Joe ouvira com espanto as lamúrias de Ellen.
_ Mas, o
velho já não anda! Defeca-se todo... Não sabe o quanto eu sofro!
_ Eu sei, mas
ele me ensinou...
_ Tá,
entendo, mas o tempo dele passou! Já viveu demais, precisamos matá-lo. Só ele
terá descanso e poderemos assumir o nosso amor.
_ Eu não...
_ Apareça
hoje à noite em minha casa, o velho estará dormindo. Tenho tudo em mente, lá te
explico, será indolor... A seguir fugimos!
E assim, cada
segundo que antecedeu o horário marcado para o plano fora um eterno tormento
para Big Joe. Afinal, muito embora seu passado o condenasse ele já não podia
cometer tal selvageria. E ainda mais com o velho marujo, o senhor dócil que o
ensinara tudo! Logo, Big Joe conseguira apenas consumir uma amarra de seu queijo
enquanto se embriagava de um amargo vinho do porto. E fora assim, acompanhado
apenas pelo seu suor frio e pelas profundas notas da voz de Nina Simone que B.

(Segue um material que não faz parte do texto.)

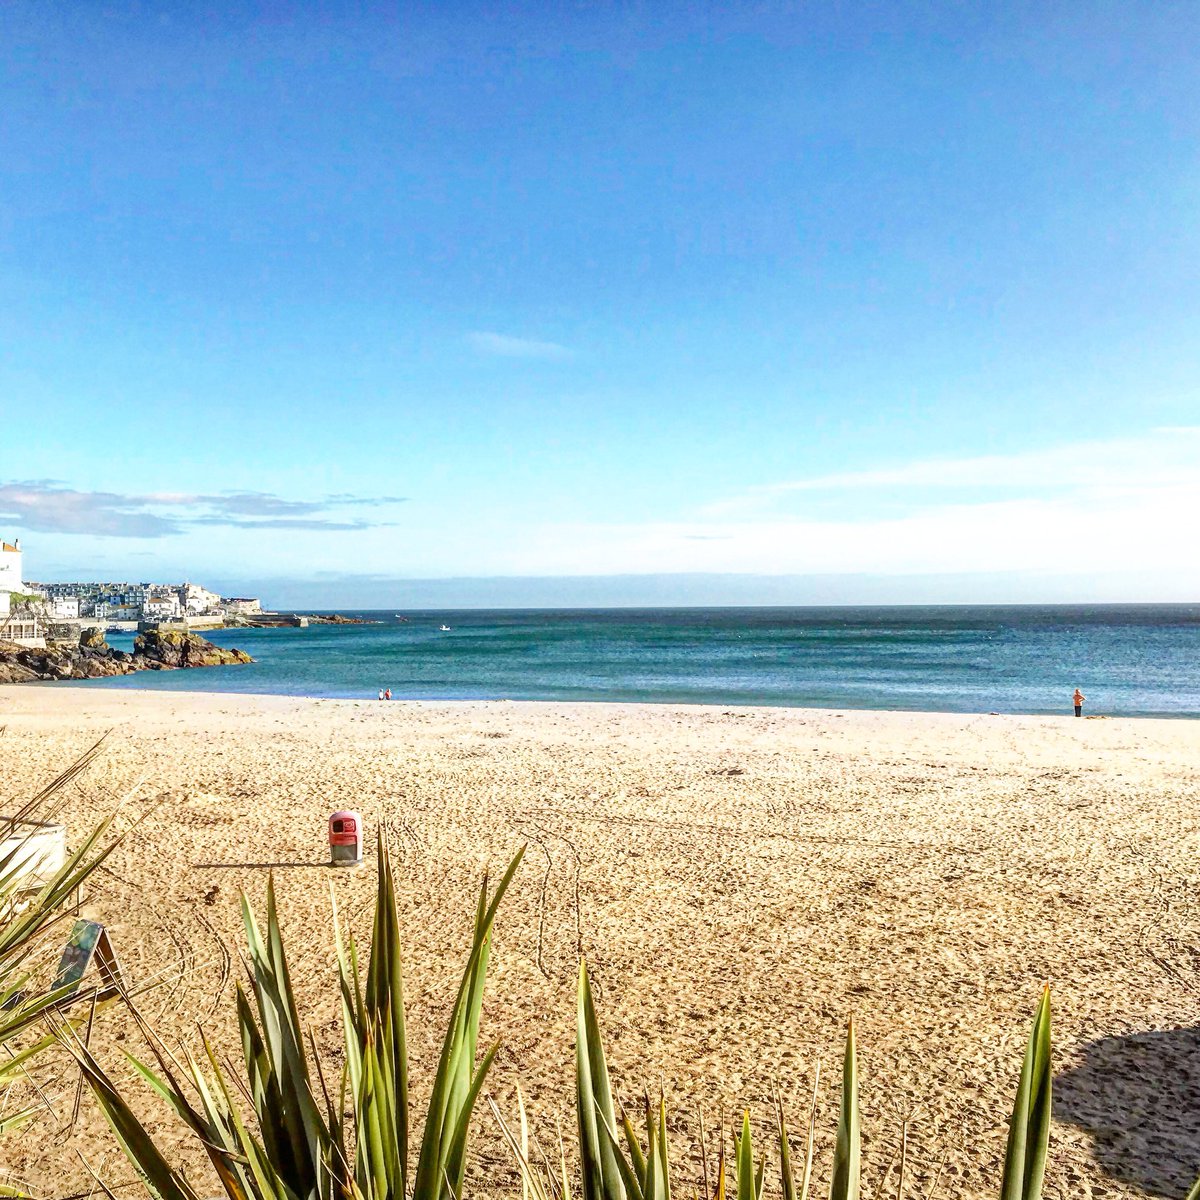 So warm today, It looks like a summer day! @sostives #autumnvibes #porthminsterbeach #cornwall #stives #sunnyday #holidaycottages

Joe adormeceu e selou a sua recusa a tal carnificina.
No dia
seguinte, fora acordado ao meio dia por incansáveis batidas em sua porta.
_ Senhor Joe,
Big... Senhor Joe! Aqui é o chefe de polícia!
_ Ah... O
quê? Eu...
_ Parece meio
desnorteado, senhor!
_ É, eu
não...
_ Bem, parece
ter dormido a manhã inteira, do contrário saberia que seu amigo Elísio fora
vitima de uma tentativa de assassinato!
_ E ele?
_ Está bem, e
deseja vê-lo. Por isto estou aqui!
E assim um
tanto apreensivo Big Joe fora conduzido, com o coração na boca, pela viatura de
polícia até a casa do velho marujo. Ao chegar encontrou alguns peritos a
conversar no jardim e a vizinhança a cochichar ao redor das cercas. Elísio
encontrava-se em sua cadeira de rodas, no centro da sala, sob ele pairava uma
densa luz fúnebre mesclada a um olhar de desolação.
_ Você já
sabe?
_ É, sei..
_ Tentou me envenenar
e fugiu, porém fui encontrado e socorrido pelo mordomo!
_ É uma
lástima!
_ Sabe também
que há tempos eu já desconfiava tudo? Todo o plano!
_ Tudo?
_ Não se
preocupe, mas como pode trair-me?
_ É, eu
não... Perdoe-me, está certo, faça o quiser! Ela me seduziu, eu pude traí-lo,
mas para matá-lo não tive coragem!
_ Pardon?
E ouviu-se o
febril ensaio de uma gargalhada pela casa, e após um intervalo para a tosse o
velho marujo pronunciou-se.
_ Não pela
infidelidade! Mas, pela deslealdade de não me ter matado!